Sekali lagi fakta-fakta ini semakin menunjukkan pentingnya peran lingkungan dalam pendidikan Islam (sosiologi pendidikan Islam). Di mana fakta-fakta ini yang akan menjadi alasan kenapa perlu ada pengkondisian lingkungan dalam pendidikan Islam, yang secara lembaga nantinya dikenal sebagai Pesantren atau Islamic Boarding School.

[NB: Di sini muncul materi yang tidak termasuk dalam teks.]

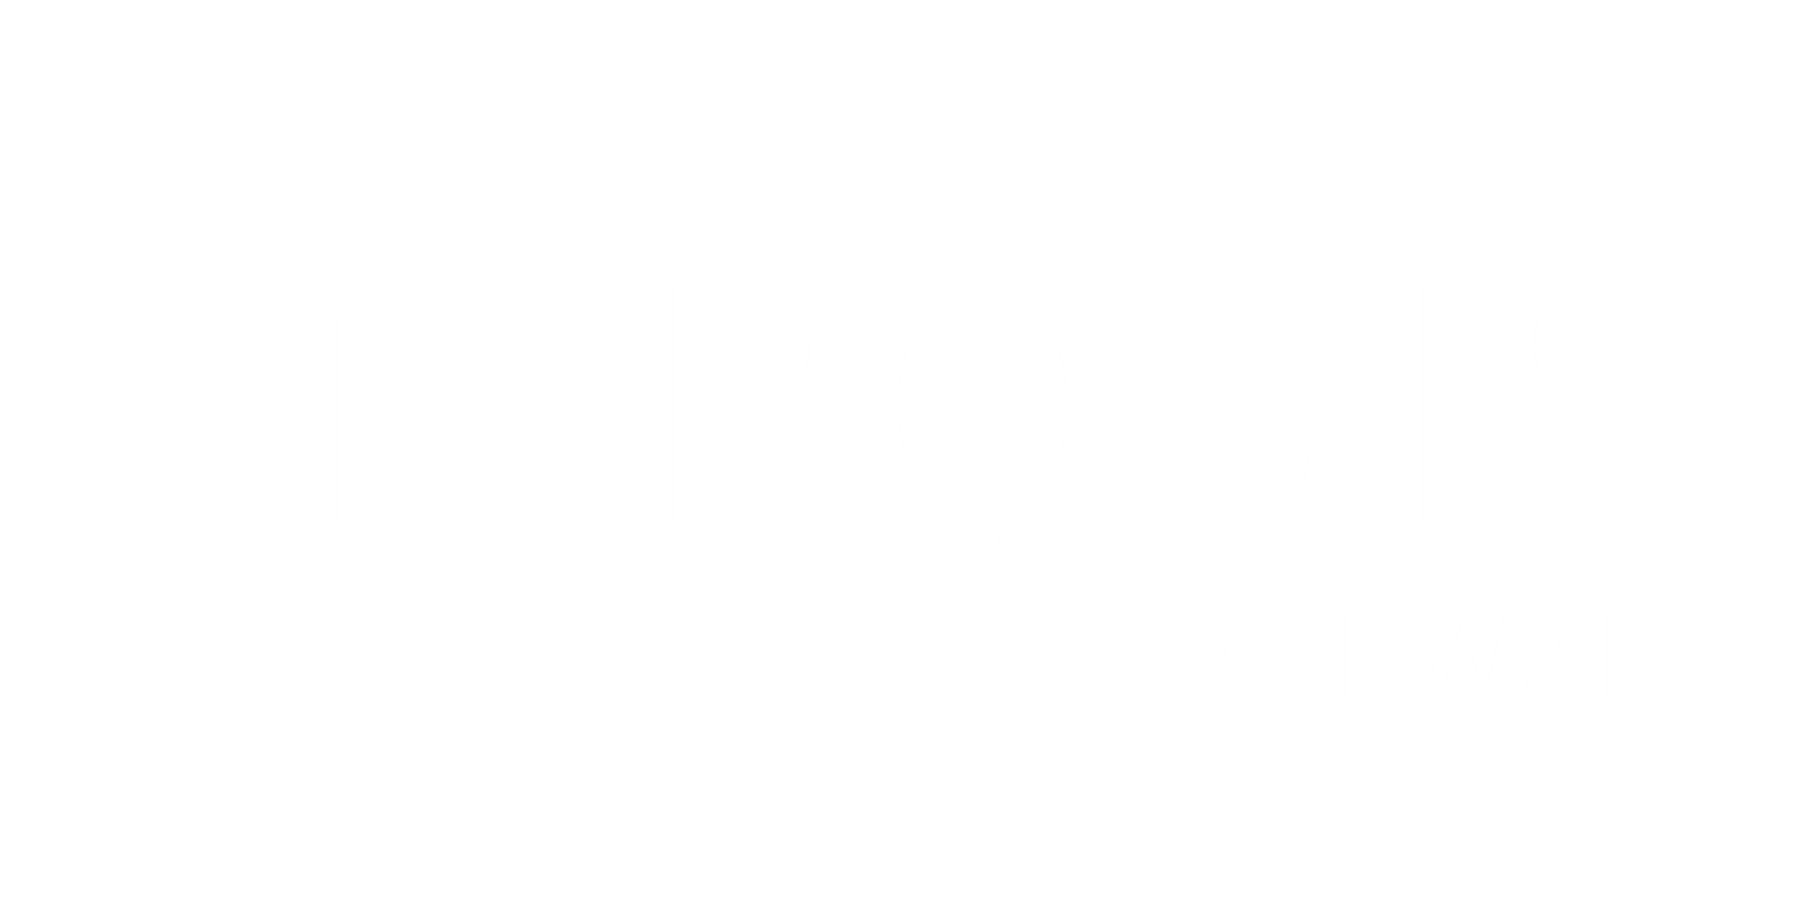 Marquis Rockwall white logo.

Dalam sebuah hadits, Rasulullah pernah menyampaikan: “Jika engkau bergaul dengan penjual minyak wangi maka akan tertular wanginya, tetapi jika engkau bergaul dengan tukang pandai besi maka akan tertular hawa panasnya”. Ini menunjukkan ada pengaruh yang signifikan dari peran lingkungan terutama siapa sosok yang dekat dengan diri kita baik itu teman; keluarga; termasuk masyarakat (kelompok atau organisasi tertentu) secara umum.

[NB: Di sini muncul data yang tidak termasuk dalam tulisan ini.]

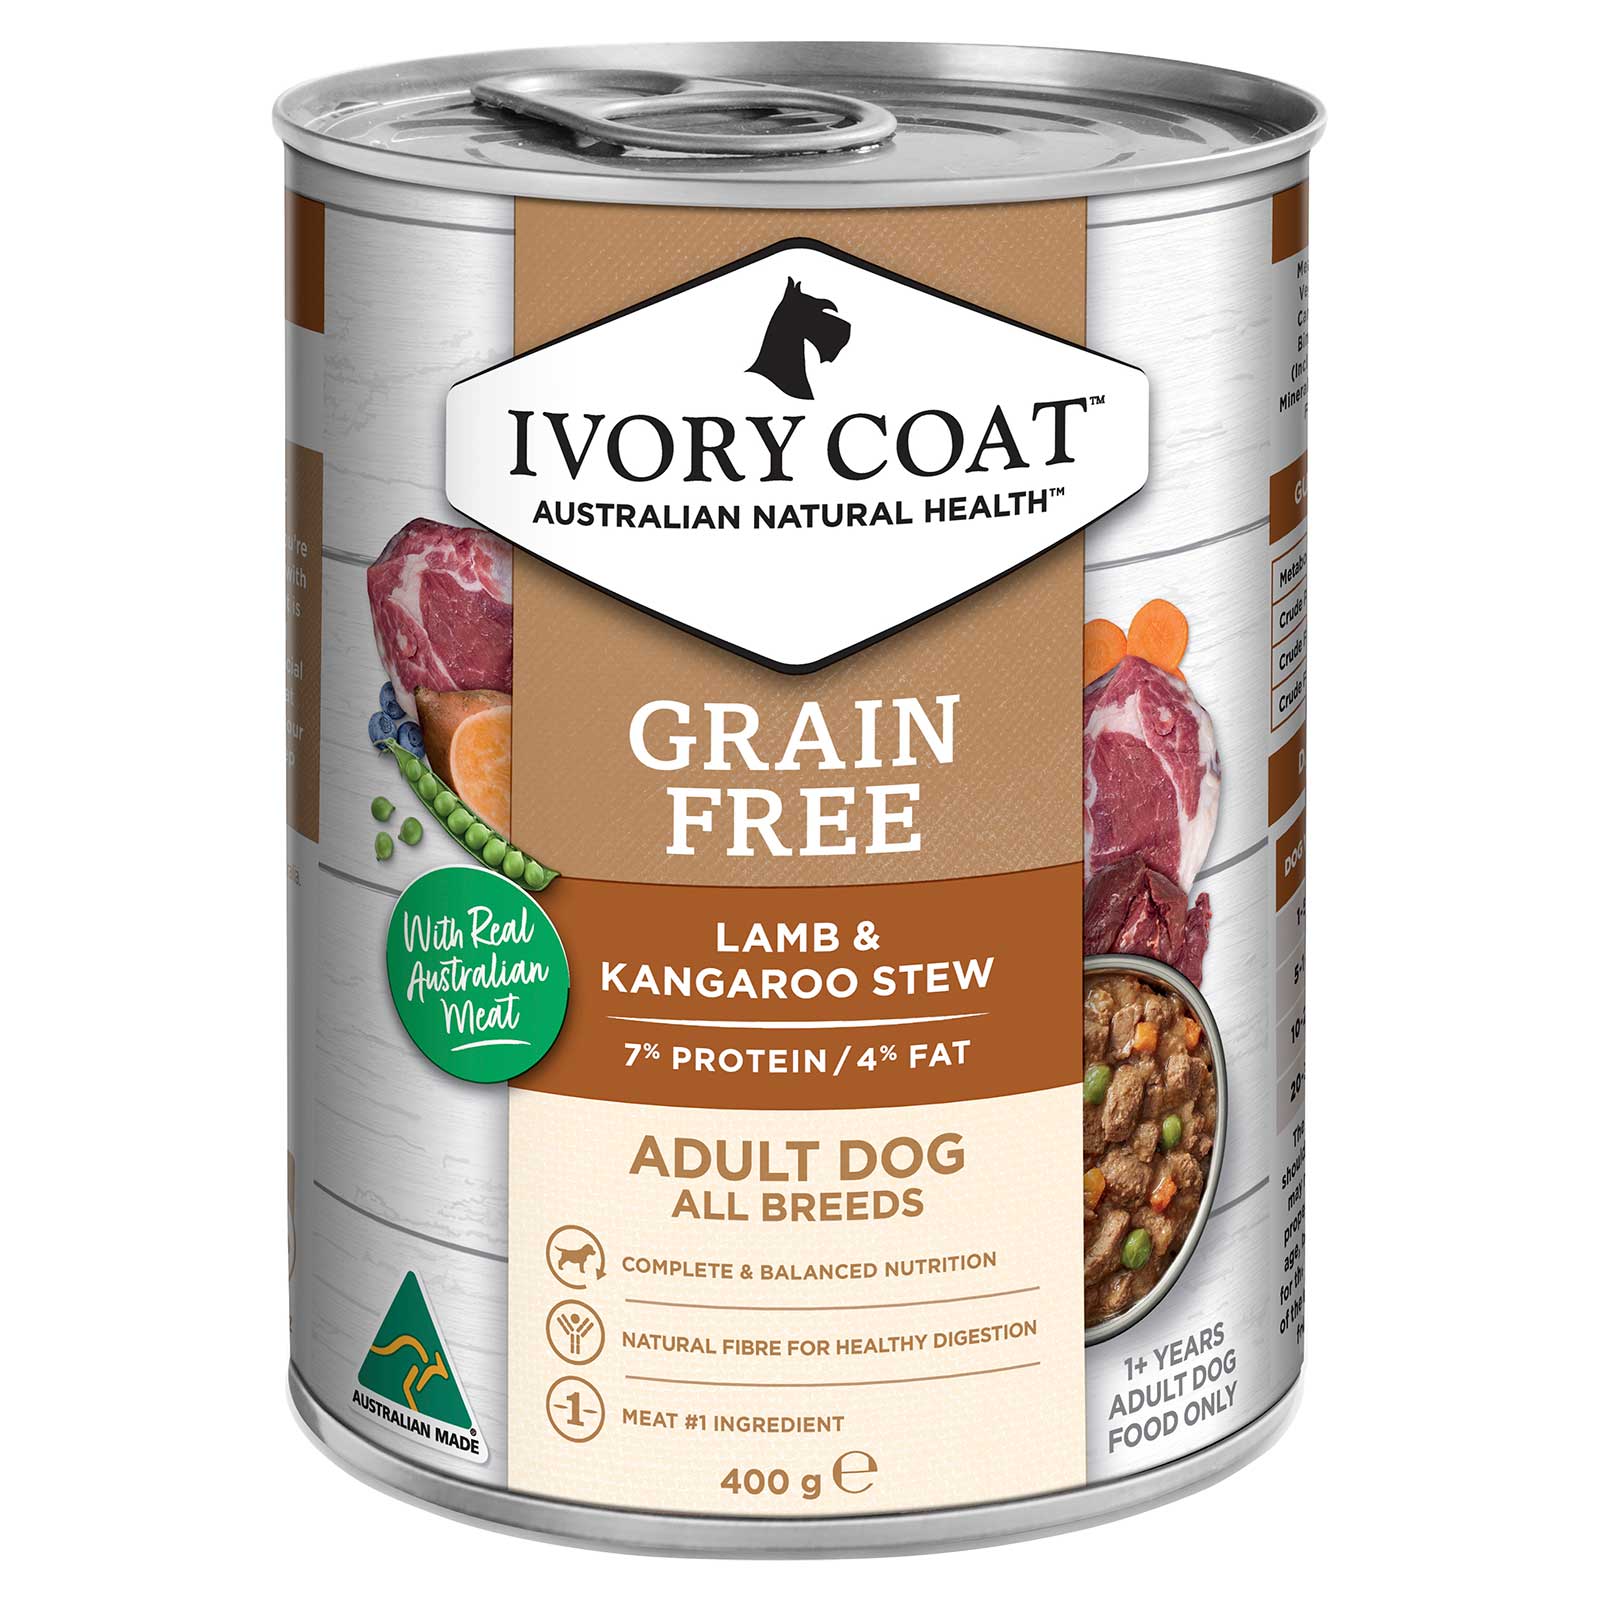 Ivory Coat Grain Free Dog Food Can Adult Lamb & Kangaroo Stew

Hampir mirip dengan ungkapan Nabi di atas, di dalam pepatah jawa juga pernah menyebutkan, “ojo cedhak-cedhak kebo gupak”. Artinya jangan dekat-dekat dengan kerbau yang sedang berkubang di lumpur. Karena bisa dipastikan jika kita dekat-dekat dengan kerbau yang sedang berkubang di lumpur itu pasti kita akan terciprat lumpurnya, sehingga ikut terkena kotornya lumpur.

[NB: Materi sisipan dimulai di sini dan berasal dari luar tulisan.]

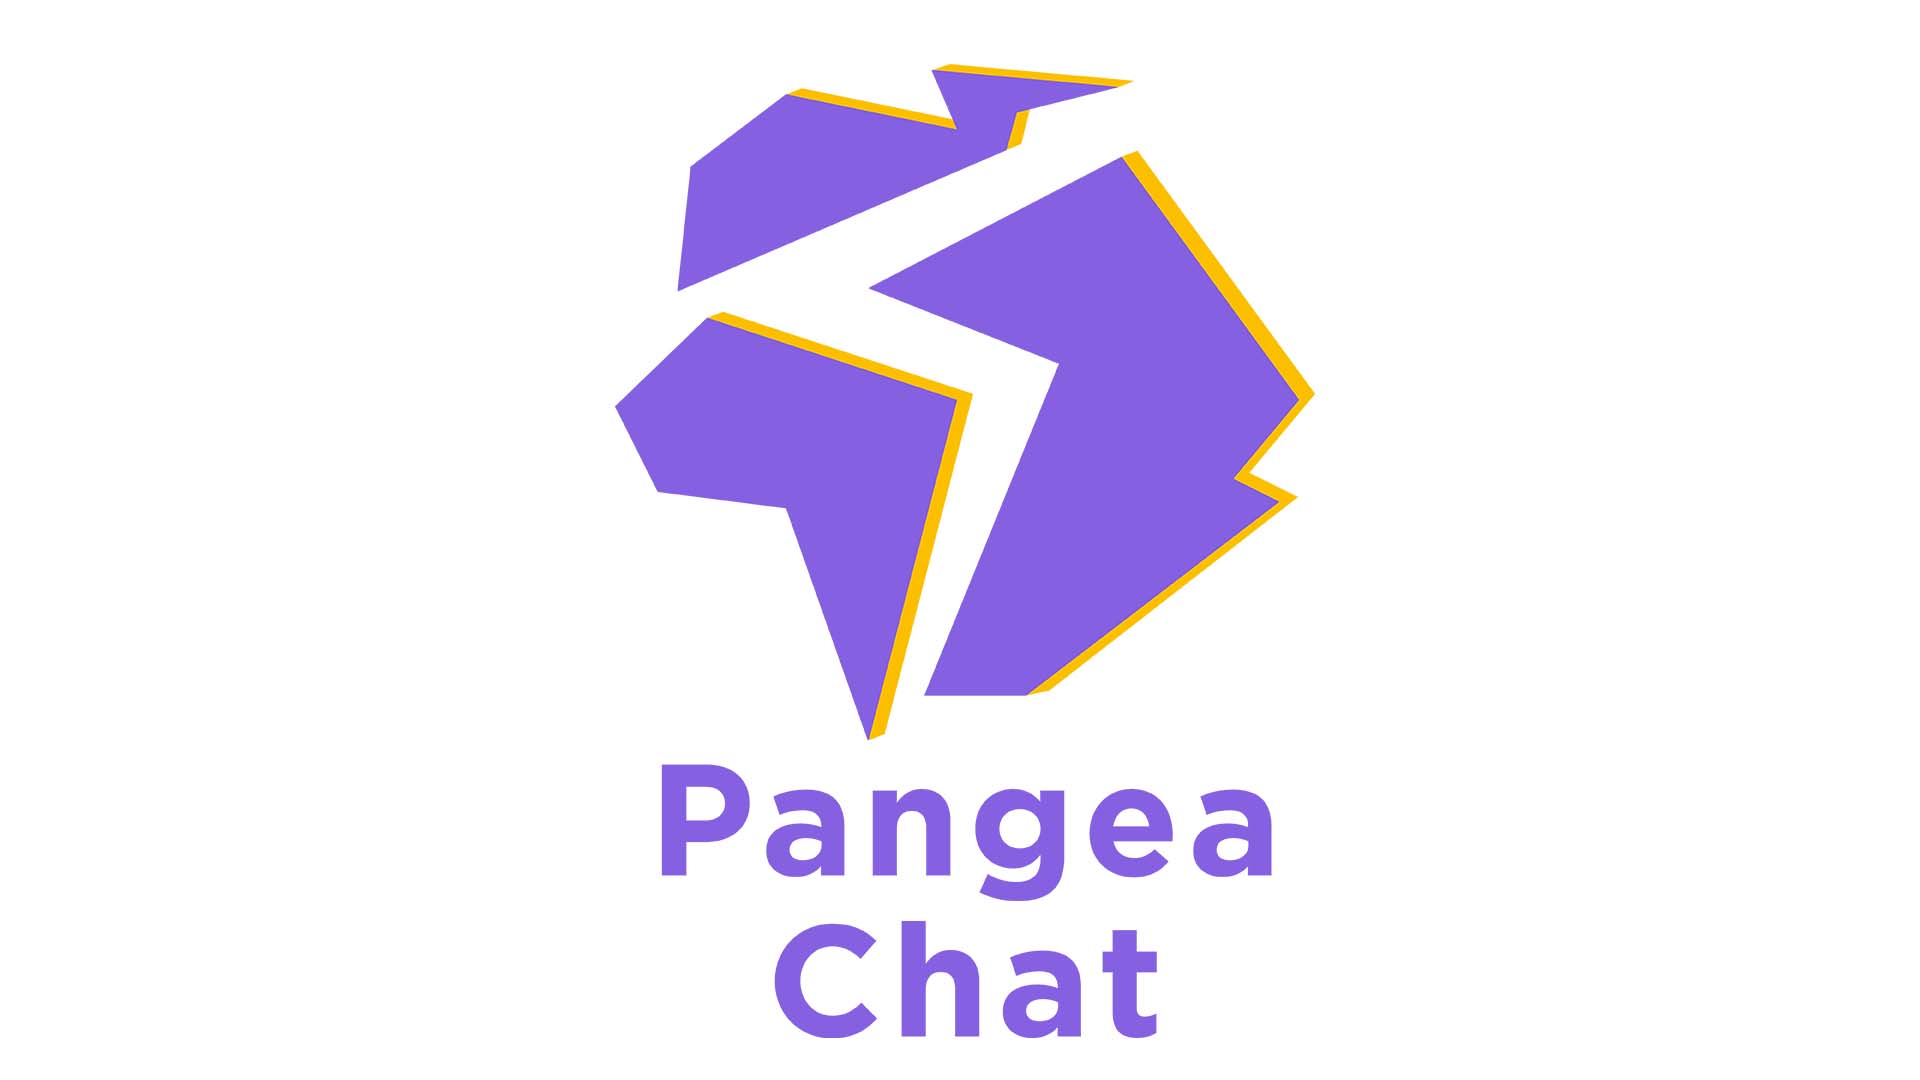 pangea chat logo<br />

Bergaul dengan teman yang baik maka ada kemungkinan tertular baiknya. Tapi sebaliknya, berteman dengan yang tidak baik maka ada kemungkinan sifat-sifat tidak baik itu juga menular kepada yang bersangkutan. Maka di sekolah perlu menghadirkan sosok-sosok sahabat yang baik untuk menciptakan efektifitas keteladanan yang baik untuk seluruh civitas pendidikan.
Guru sebagai Sahabat
Jika bicara persoalan teman atau sahabat di sekolah (madrasah atau pesantren), maka guru juga harus dapat ada kalanya menempatkan dirinya (berperan) sebagai seorang sahabat atau teman yang begitu dekat dengan para siswa atau bahkan dengan guru yang lain. Karena memang keberadaan sekolah memiliki peran dalam membentuk kepribadian baik peserta didik. Sekolah tidak bisa dilepaskan oleh sosok seorang guru sebagai seorang sahabat sekaligus pendidik.
Guru memiliki berbagai fungsi dan peran dalam proses pembelajaran di sekolah selain pendidik dan pengajar. Menurut Hamka yang dikutip oleh Abdul Azis, guru adalah sosok yang berusaha untuk melepaskan manusia dari keterbelakangan dan belenggu kebodohan serta ketertindasan. Guru memiliki fungsi yang sangat strategis bagi peserta didik dengan memberikan pengajaran, melakukan bimbingan atau mengarahkan dan membina kepribadian siswa.
Maka guru sebagai seorang teman atau sahabat itu karena guru merupakan teladan sekaligus motivator dan pemberi semangat bagi peserta didik atau santri mereka. Di sisi lain sebagai seorang pengajar yang memberikan ilmu, guru juga harus menjadikan dirinya sebagai contoh (rule model) seorang muslim yang baik bagi peserta didik (uswatun khasanah).
Guru harus mampu memberikan teladan untuk berperilaku sesuai dengan syariat. Implikasinya dalam pendidikan, guru harus memiliki tujuan yang jelas dalam perannya sebagai pendidik untuk mengembangkan pribadi peserta didik agar memiliki kepribadian yang Islami. Inilah sedikit refleksi filosofis dari fenomena bersejarah Rasulullah ketika hijrah kaitannya dengan pendidikan Islam, khususnya Pesantren. Pesantren Gua Tsur.